- IATA: none; ICAO: KPMZ; FAA LID: PMZ;

Summary
- Airport type: Public
- Owner: Washington County
- Serves: Plymouth, North Carolina
- Elevation AMSL: 39 ft / 12 m
- Coordinates: 35°48′39″N 076°45′30″W﻿ / ﻿35.81083°N 76.75833°W
- Interactive map of Plymouth Municipal Airport

Runways
| Direction | Length |  | Surface |
| ft | m |
| 3/21 | 5,500 | 1,676 | Asphalt |

Statistics (2008)
- Aircraft operations: 11,275
- Based aircraft: 13
- Source: Federal Aviation Administration

= Plymouth Municipal Airport (North Carolina) =

Plymouth Municipal Airport is a county-owned, public-use airport located two nautical miles (3.7 km) south of the central business district of Plymouth, in Washington County, North Carolina, United States. According to the FAA's National Plan of Integrated Airport Systems for 2009–2013, it is classified as a general aviation airport.

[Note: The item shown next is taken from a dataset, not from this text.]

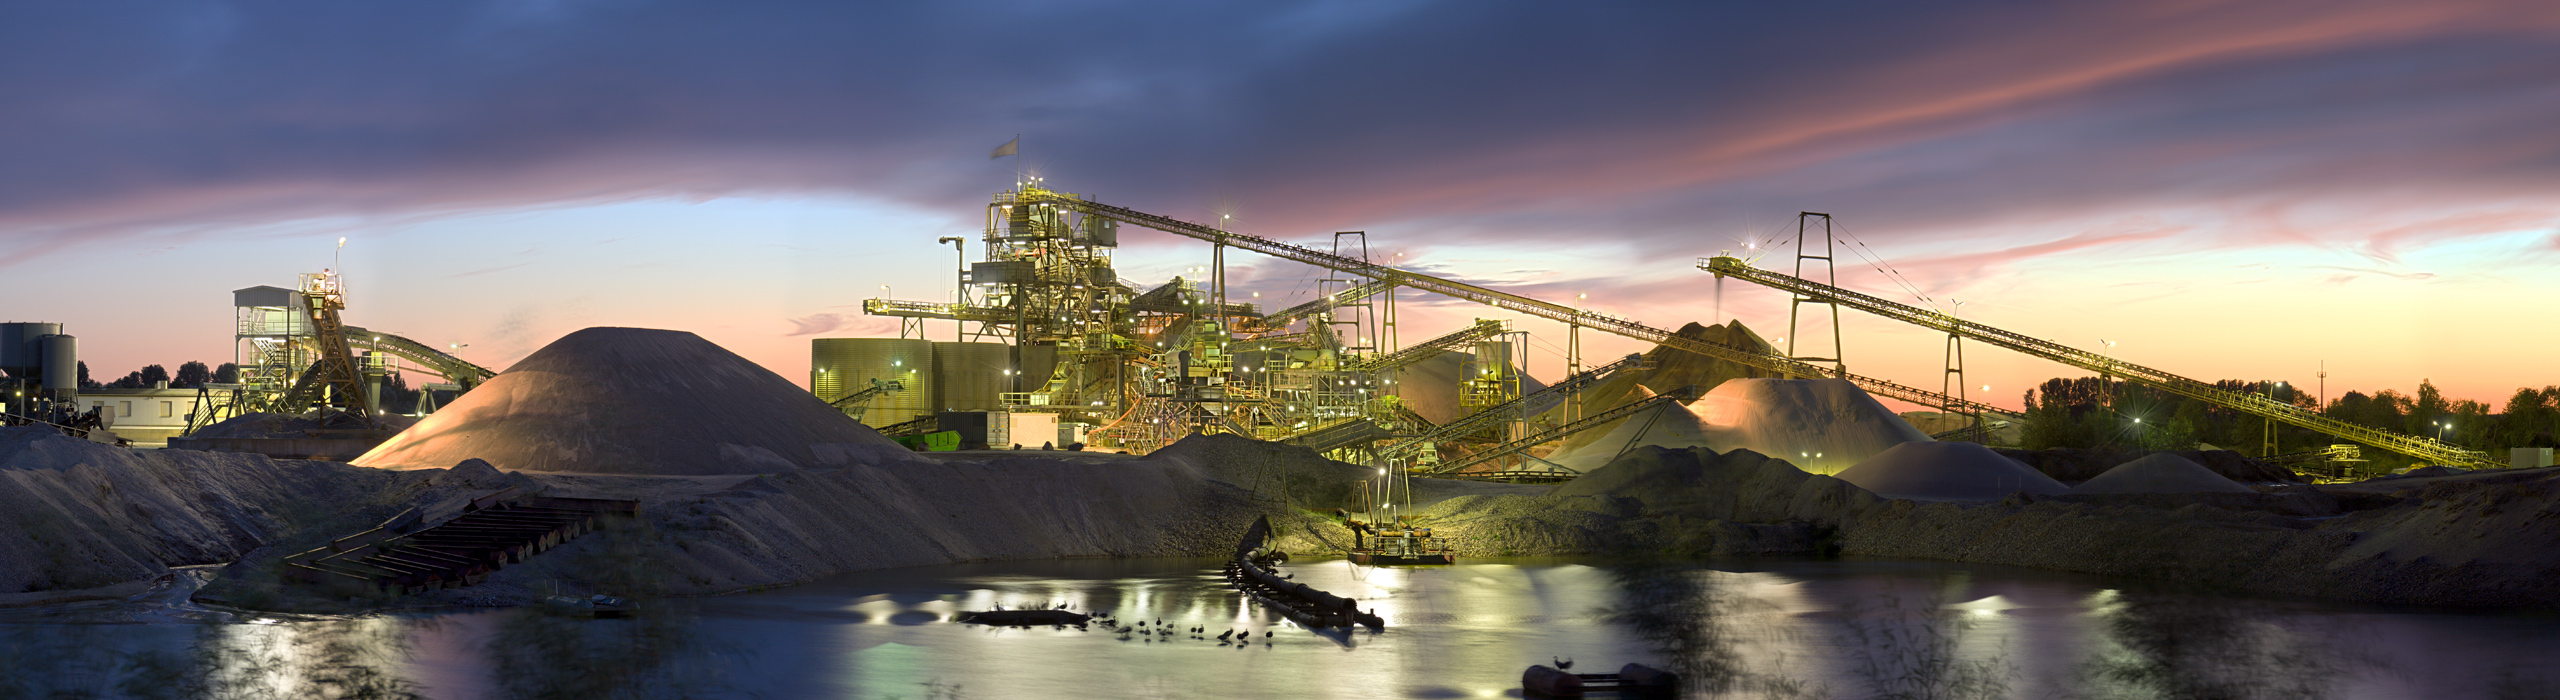 Bellmer Separation Technology Mining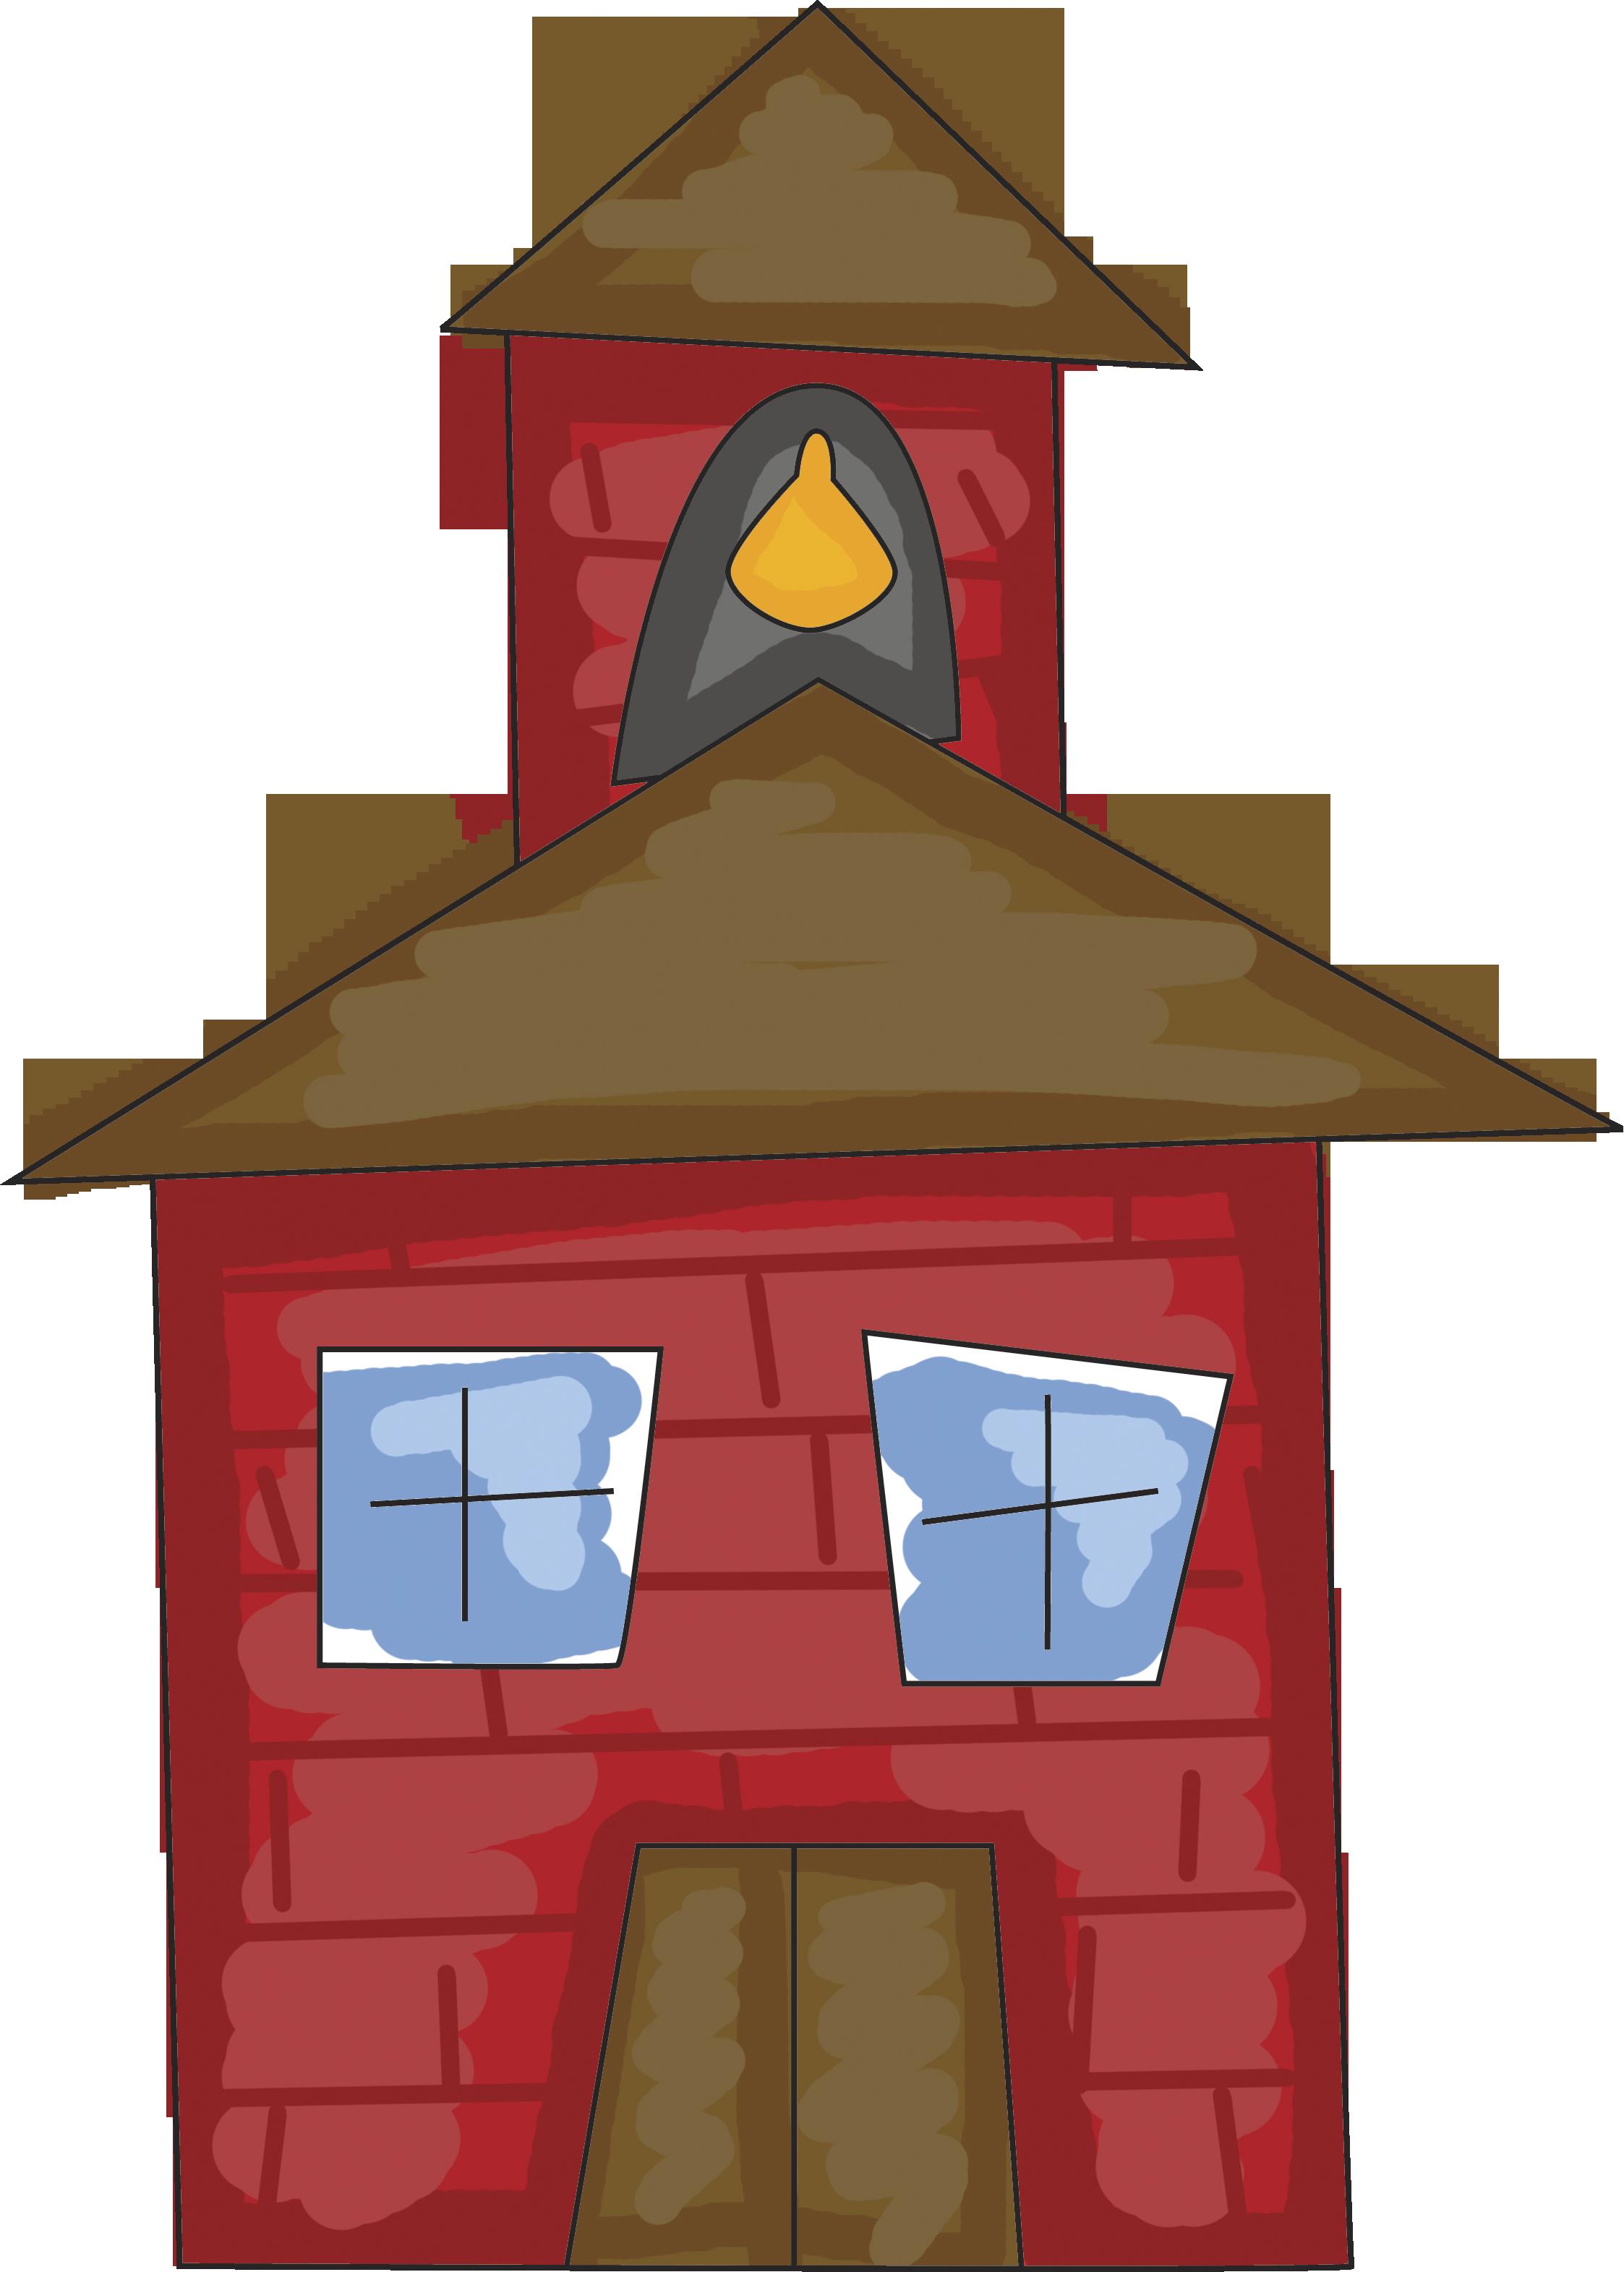 schoolhouse clipart school roof

Although many U.S. airports use the same three-letter location identifier for the FAA and IATA, this airport is assigned PMZ by the FAA but has no designation from the IATA (which assigned PMZ to Palmar Sur Airport in Palmar Sur, Costa Rica).

== Facilities and aircraft ==
Plymouth Municipal Airport covers an area of 390 acre at an elevation of 39 feet (12 m) above mean sea level. It has one runway designated 3/21 with an asphalt surface measuring 5,500 by 75 feet (1,676 x 23 m).

For the 12-month period ending November 21, 2008, the airport had 11,275 aircraft operations, an average of 30 per day: 80% general aviation, 18% military, and 2% air taxi. At that time there were 13 aircraft based at this airport: 77% single-engine, 15% multi-engine and 8% helicopter.